Thursday, February 14, 2008

What It's Not All About

"It's all about the ... ."

How many times have we heard that lately? Something (pick a topic: person, place or thing) is "all about the" something else (fill in the blank). Rarely do you hear "it's all about the" method, the means, or the manner of that something else.

And there's a reason for it: the "it's all about the" person, place or thing is just too glib. Too slick. Too easy. And, for those reasons, it's also false.

The hardest thing about writing poetry -- at least as I'm able to see it -- is in getting real. I mean, that's "what it's all about," wouldn't you think? But go to an average poetry reading sometime -- even by published poets -- and really listen to what's being said. How much of it is honest? How much of it is the poet's self-selection of the truth? How much is self-justification? How much of it is the poet trying to hide -- from you, from him or herself? You might be surprised at how much honesty you really hear! Or, maybe not ... .

We look at the Anthology of ... or the Collected Works of ... , admiring the poet's power of expression and nuance -- and perhaps not think of the other stuff. The stuff this outstanding poetry we now admire stood out from.

And when you look at some of that "other stuff", you can see readily what makes the collected or anthologized poetry stand out from the rest: honesty. Fidelity to truth, at least as much of it as the poet is able to apprehend and communicate through the medium of poetry.

It gets down to the word itself. I can remember one poet saying that some activity or another (walking in the woods, admiring a sunset, whatever) really "stokes my muse." How on Earth, thought I, do you "stoke a muse?"

You can stoke a fire, you can obey a muse -- but how do you "stoke a muse?" OK, what he obviously meant is that this particular activity really got him in the mood to write poetry. But his mixed metaphor betrayed his (perhaps unconscious) feeling that he was in control of the process -- the fact that the process was there long before either of us existed did not seem to occur to him. And his cracked verbiage revealed that flaw in his thinking.

I do remember logic class: I remember it clearly because the first instructor was so bad I decided to audit the same course a year later by a professor I really respected (and, in memory, still do). He spent at least a month going over so-called "informal" fallacies: not the "therefore, all men are Socrates" fallacies of formal logic, but the "When did you stop beating your wife?" type of fallacies. Those are the kind of fallacies that crack your thinking before you even begin to reason.
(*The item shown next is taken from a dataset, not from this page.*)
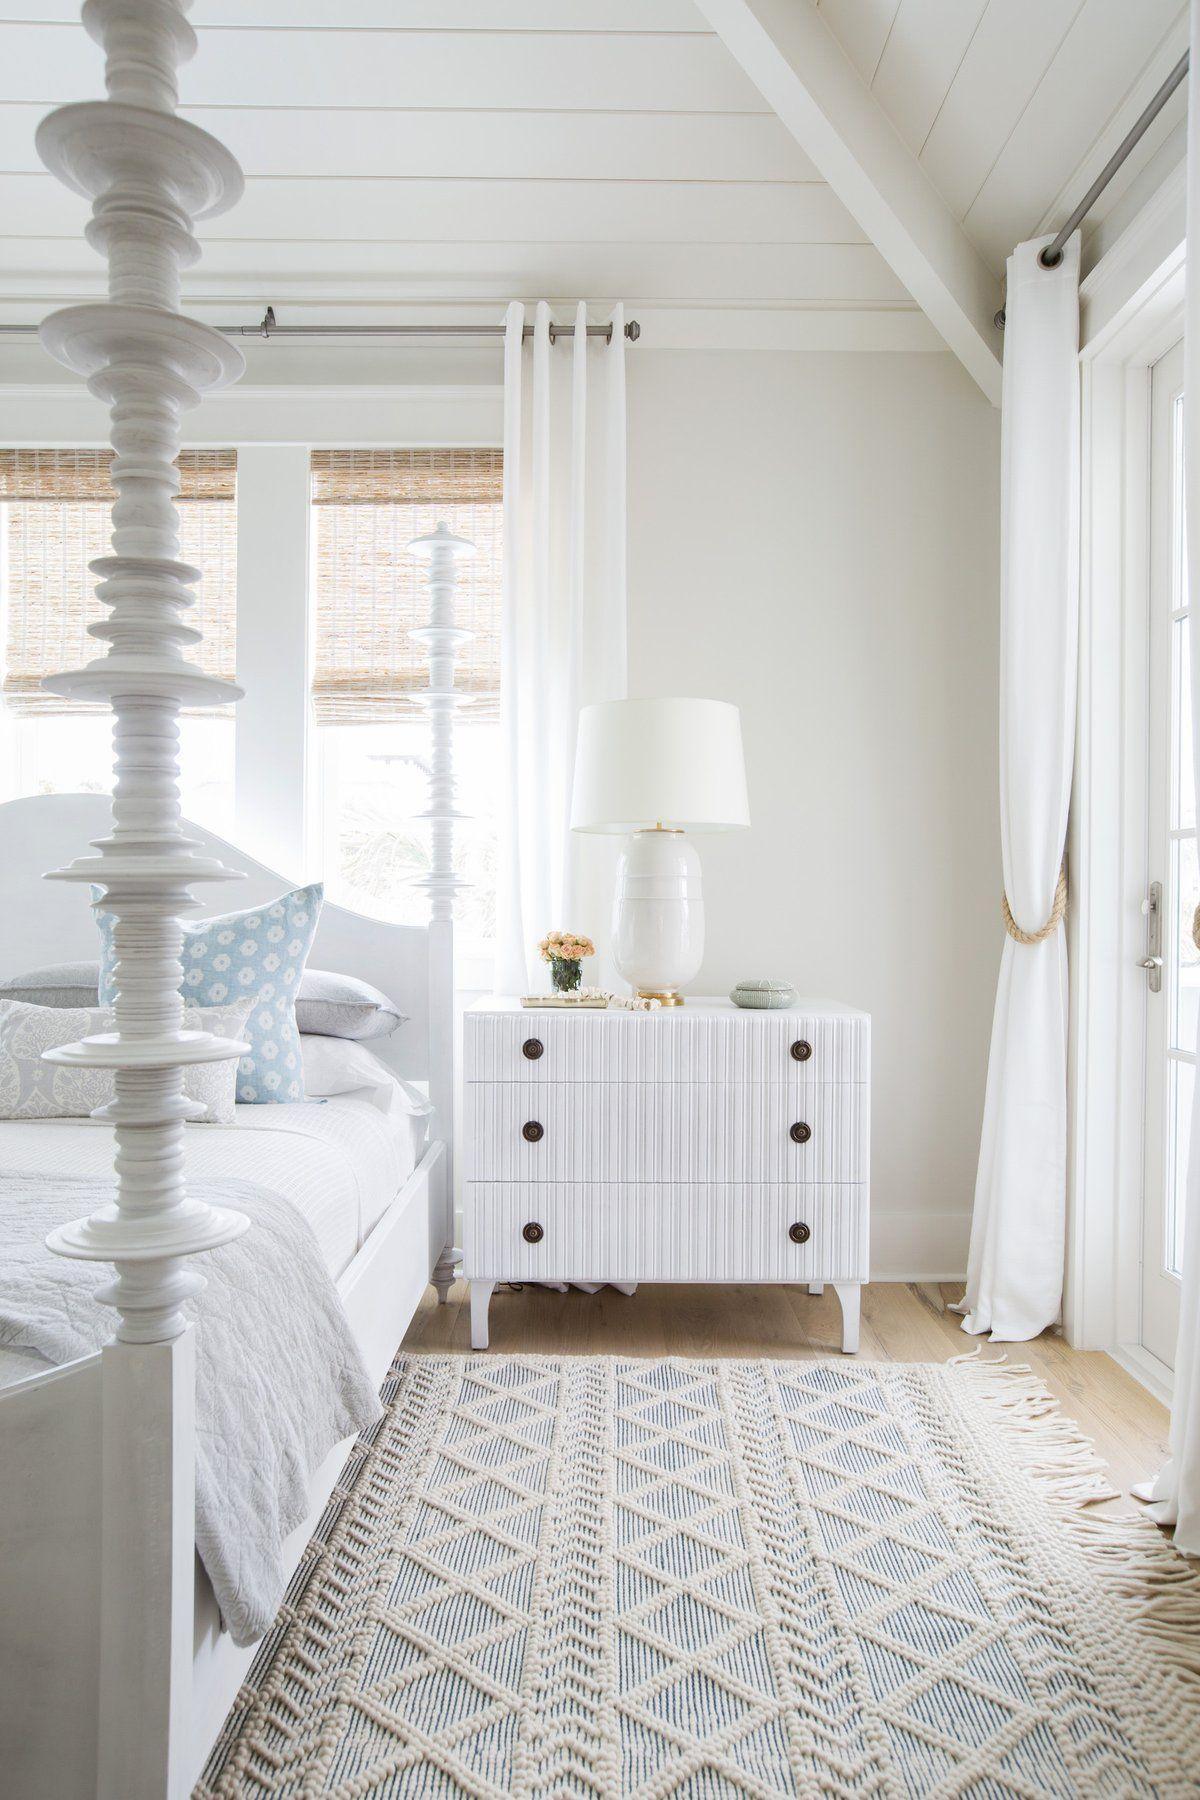 60798663707226072 in 2020 Home decor, House interior

It's important to mention now, because I hear those informal fallacies all the time: hasty generalization, jumping to conclusions, ad hominem arguments, etc. The title for them all is more Latin: non sequitur. "It does not follow."

Emotional honesty is vital to all expression, especially poetry. Its very life blood is most transparent in free verse. Which is one reason that particular form remains popular: the minute you "talk falsely" at Open Mic Night, you're busted.

But in formal verse, craft can sometimes disguise dishonesty: emotional, intellectual, and spiritual. That's why you have to have a solid purpose and a strong foundation before you can start writing it successfully.